24-25 Then God rained brimstone and fire down on Sodom and Gomorrah—a river of lava from God out of the sky!—and destroyed these cities and the entire plain and everyone who lived in the cities and everything that grew from the ground.
26 But Lot’s wife looked back and turned into a pillar of salt.
27-28 Abraham got up early the next morning and went to the place he had so recently stood with God. He looked out over Sodom and Gomorrah, surveying the whole plain. All he could see was smoke belching from the Earth, like smoke from a furnace.
29 And that’s the story: When God destroyed the Cities of the Plain, he was mindful of Abraham and first got Lot out of there before he blasted those cities off the face of the Earth.
Gospel: Mt 8:23-27
23-25 Then he got in the boat, his disciples with him. The next thing they knew, they were in a severe storm. Waves were crashing into the boat—and he was sound asleep!
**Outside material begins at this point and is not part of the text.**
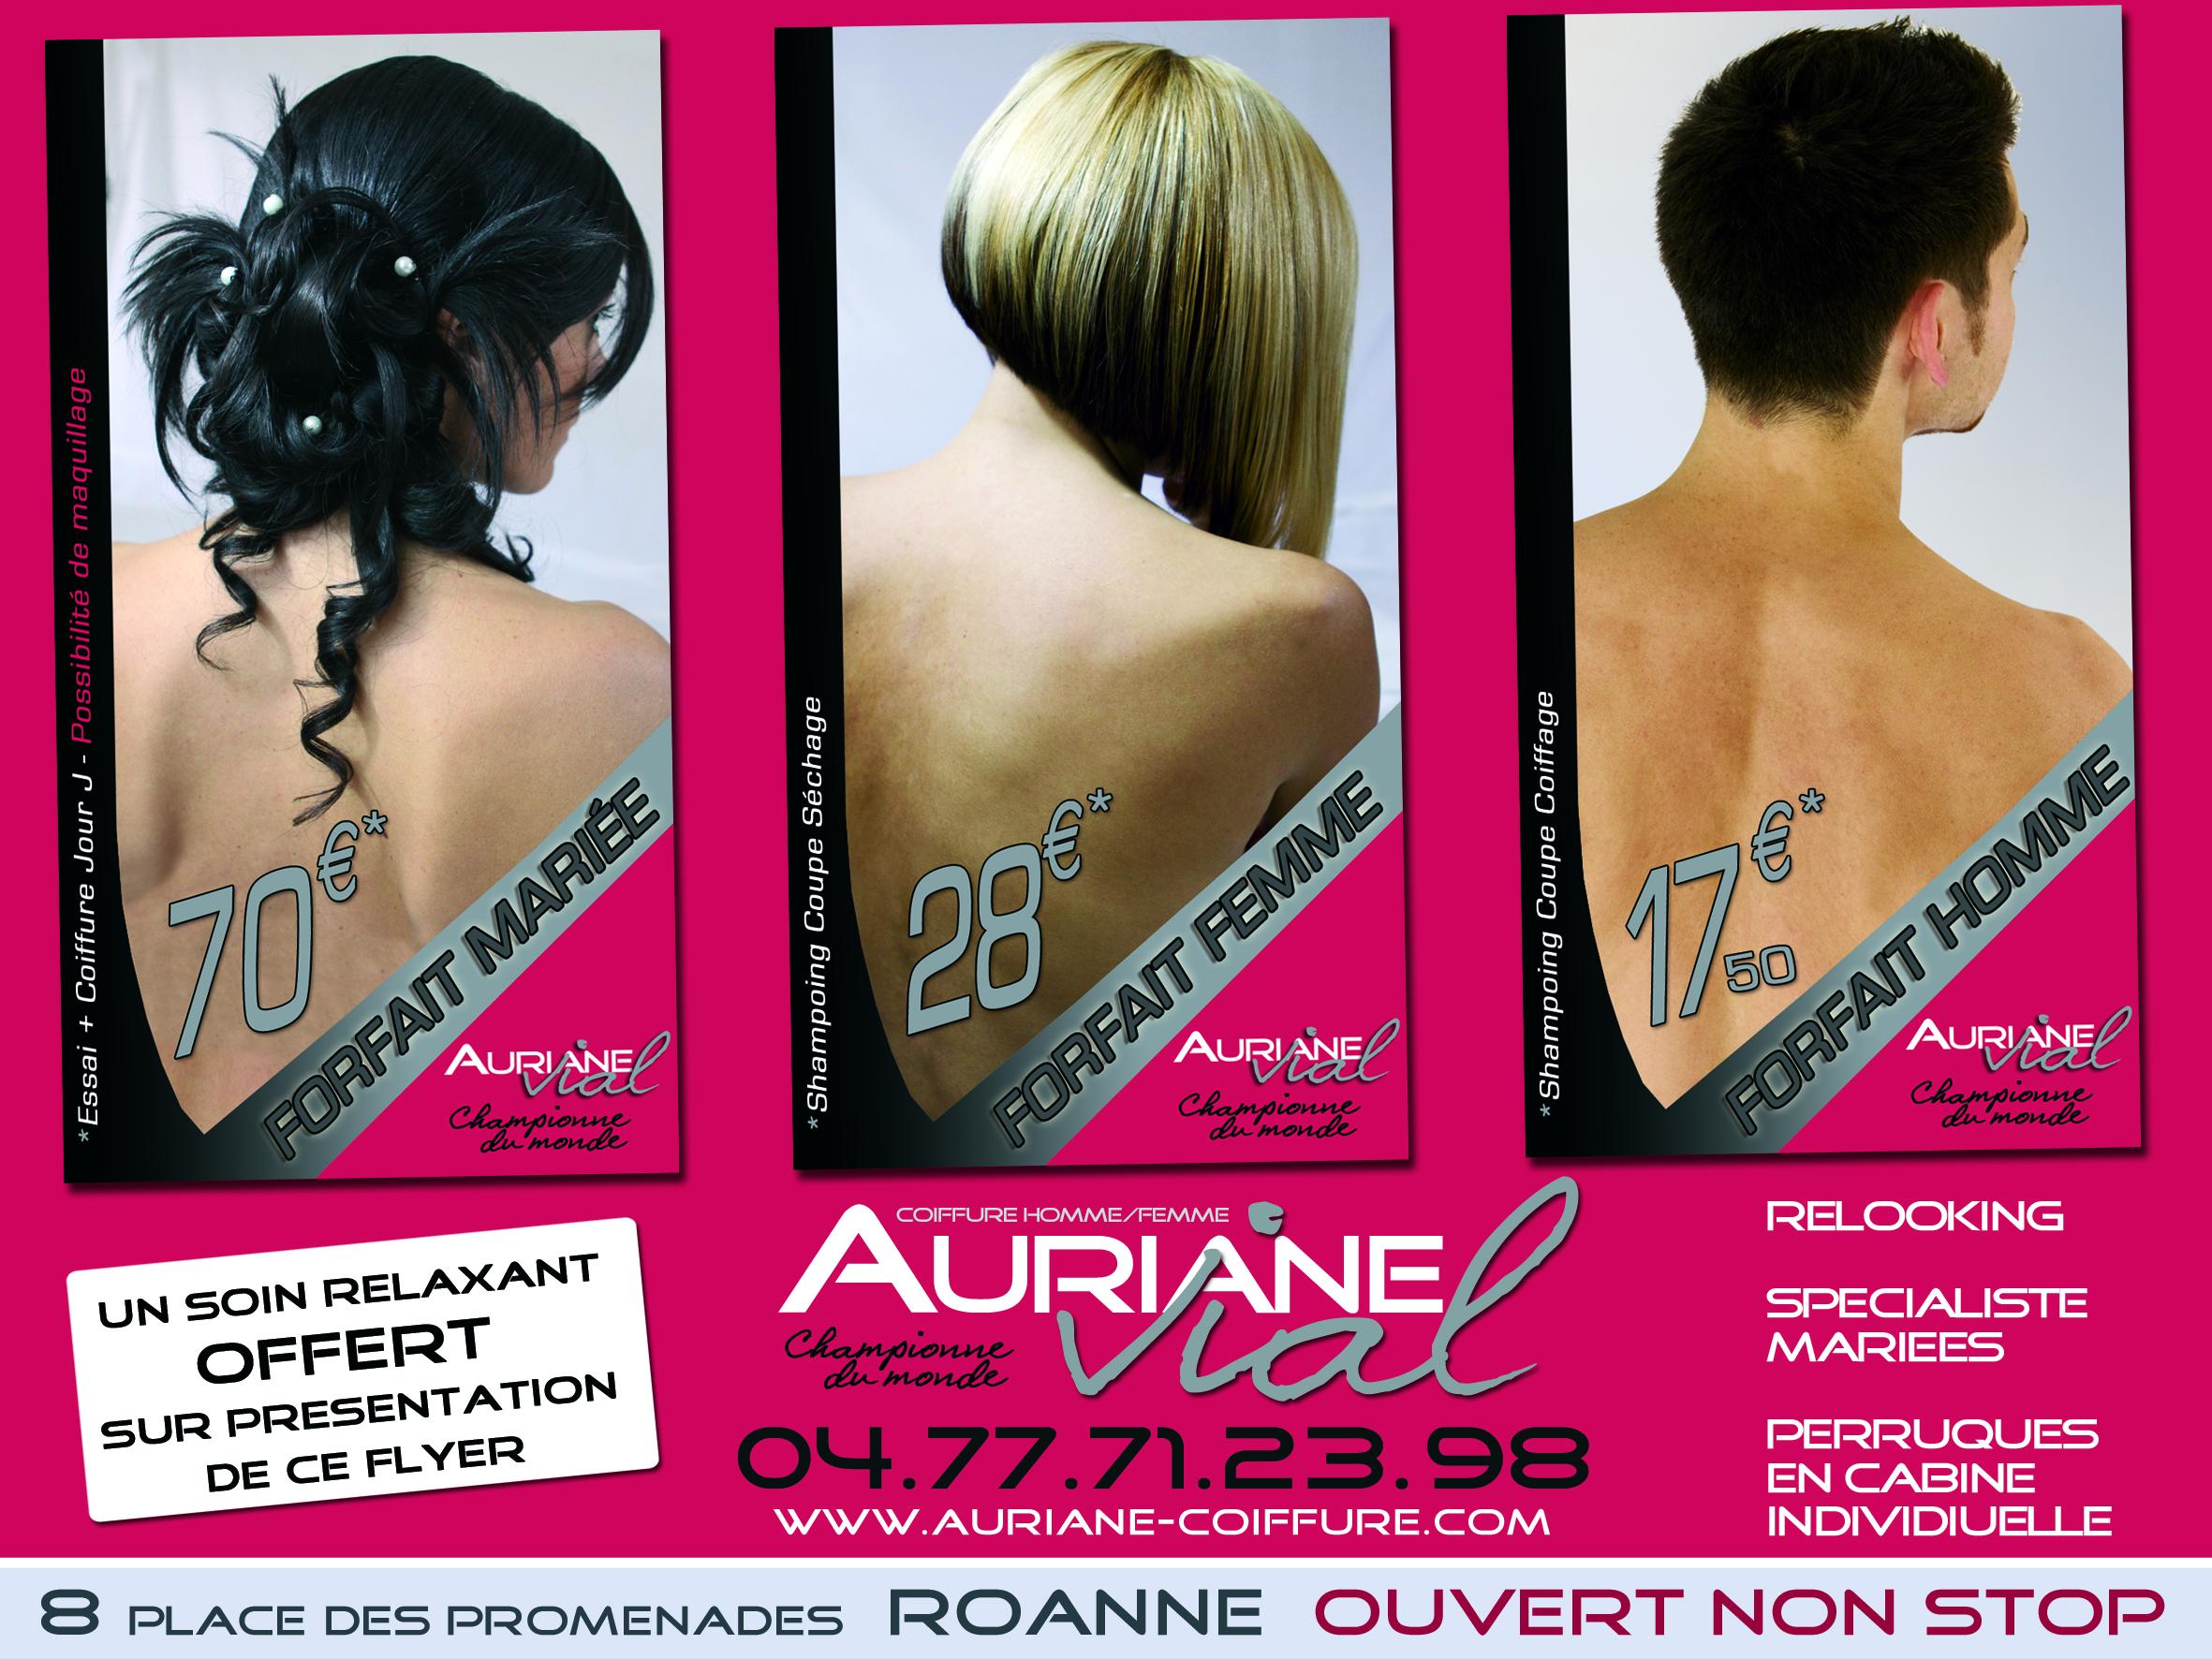 Vial Auriane - Roanne

They roused him, pleading, “Master, save us! We’re going down!”
26 Jesus reprimanded them. “Why are you such cowards, such faint-hearts?” Then he stood up and told the wind to be silent, the sea to quiet down: “Silence!” The sea became smooth as glass.
27 The men rubbed their eyes, astonished. “What’s going on here? Wind and sea stand up and take notice at his command!”
Prayer
Lord our God,
you let your Son reassure us
with a word of reprimand:
“Why are you afraid, people of little faith?”
Let that little faith grow in us
and make us absolutely certain
that you are with us in your creation,
in the dark and in the night,
in the wind and in the storm,
even in the depths of death.
For you are the God who said:
“I am there for you,”
now and for ever.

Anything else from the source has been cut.